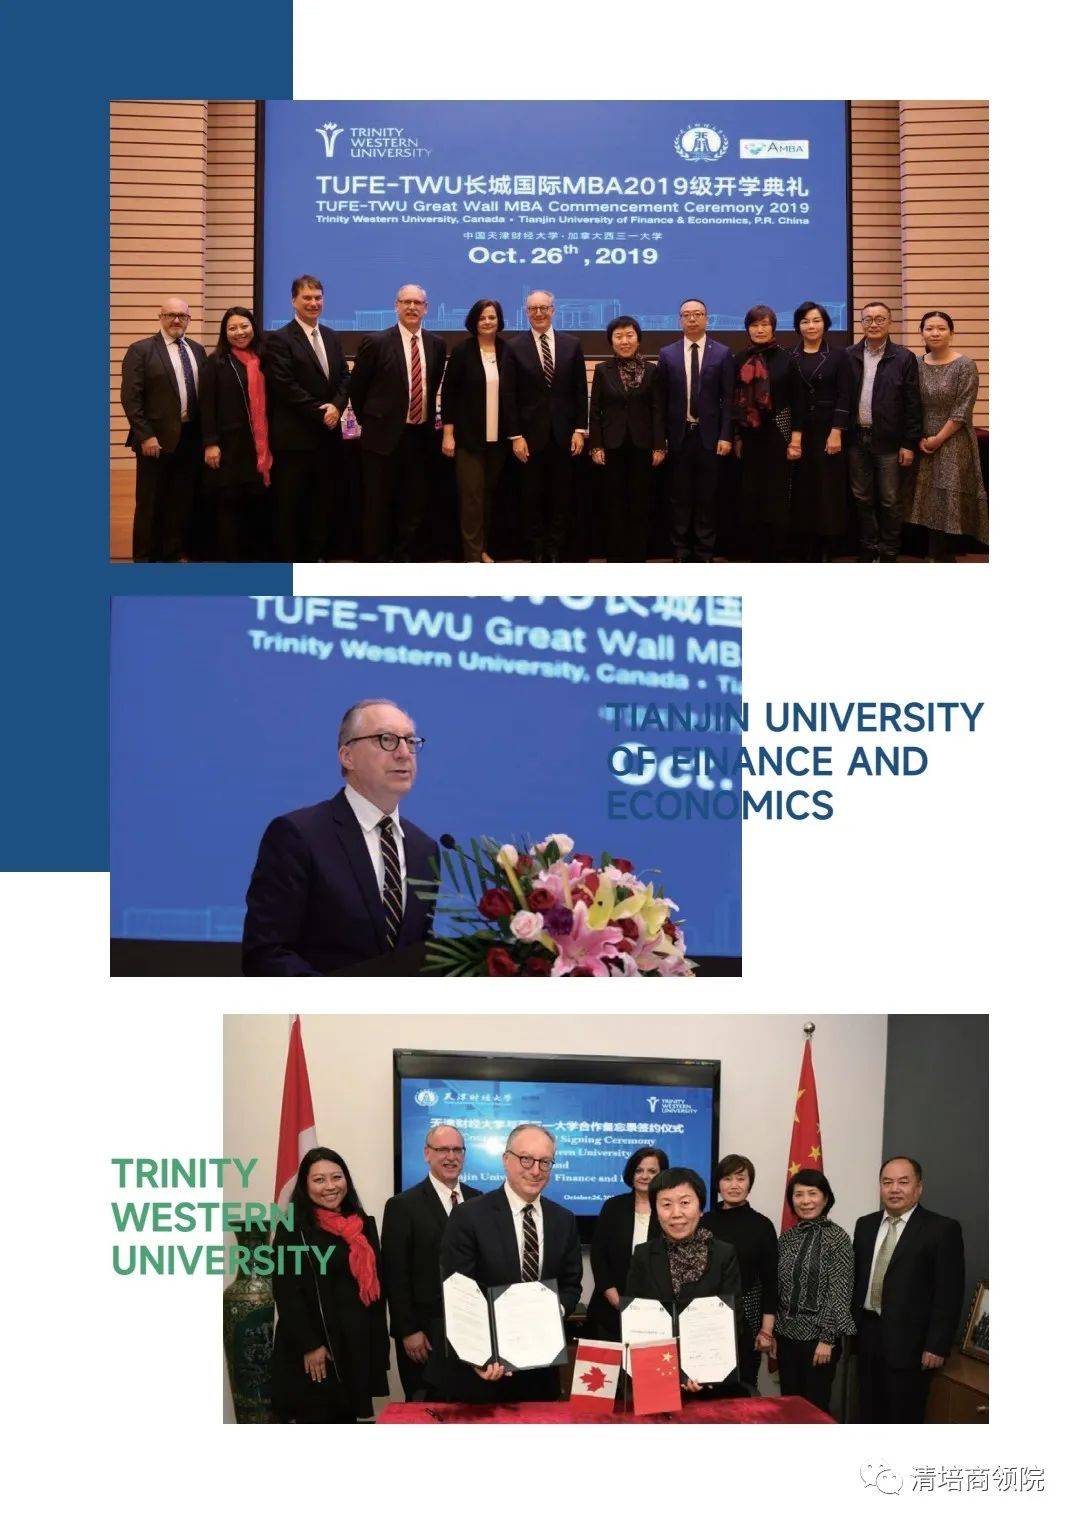 中国天津22选5
大学加拿大西三一大学合作举办工商管理硕士培养目标
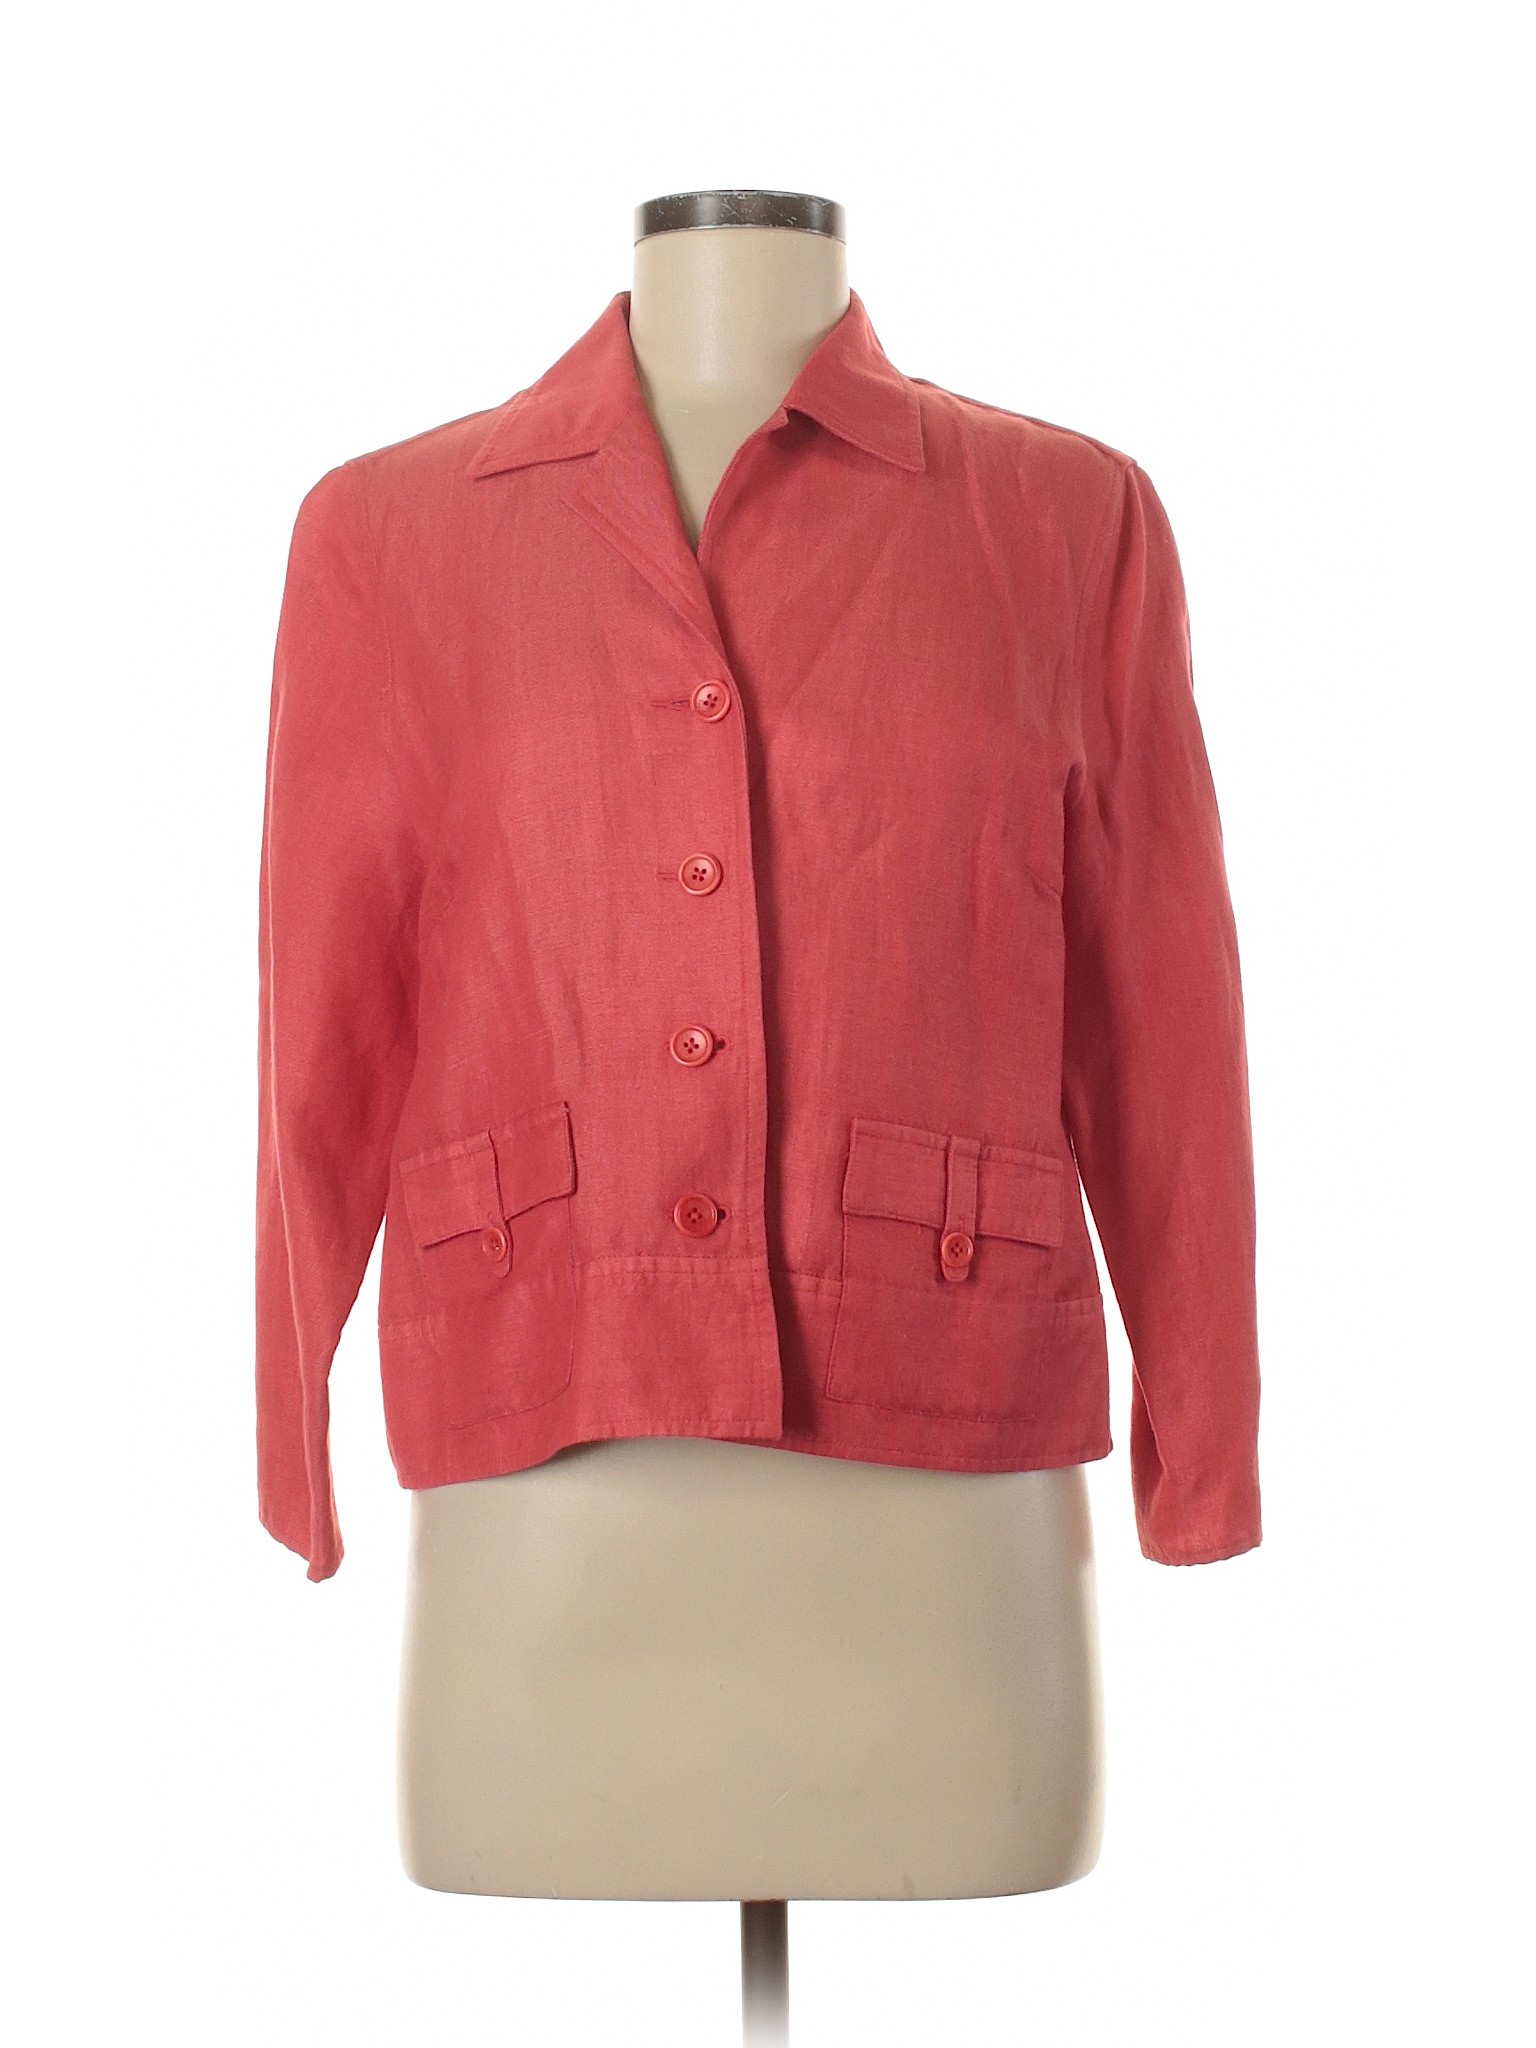 Talbots Women Red Jacket 8 | eBay

┄┄┄┄┄┄

* WORK REQUIRED: Set down the material above word for word and skip its pictures.

* FINISHED TASK:
 中国天津22选5
大学加拿大西三一大学合作举办工商管理硕士培养目标
 Talbots Women Red Jacket 8 | eBay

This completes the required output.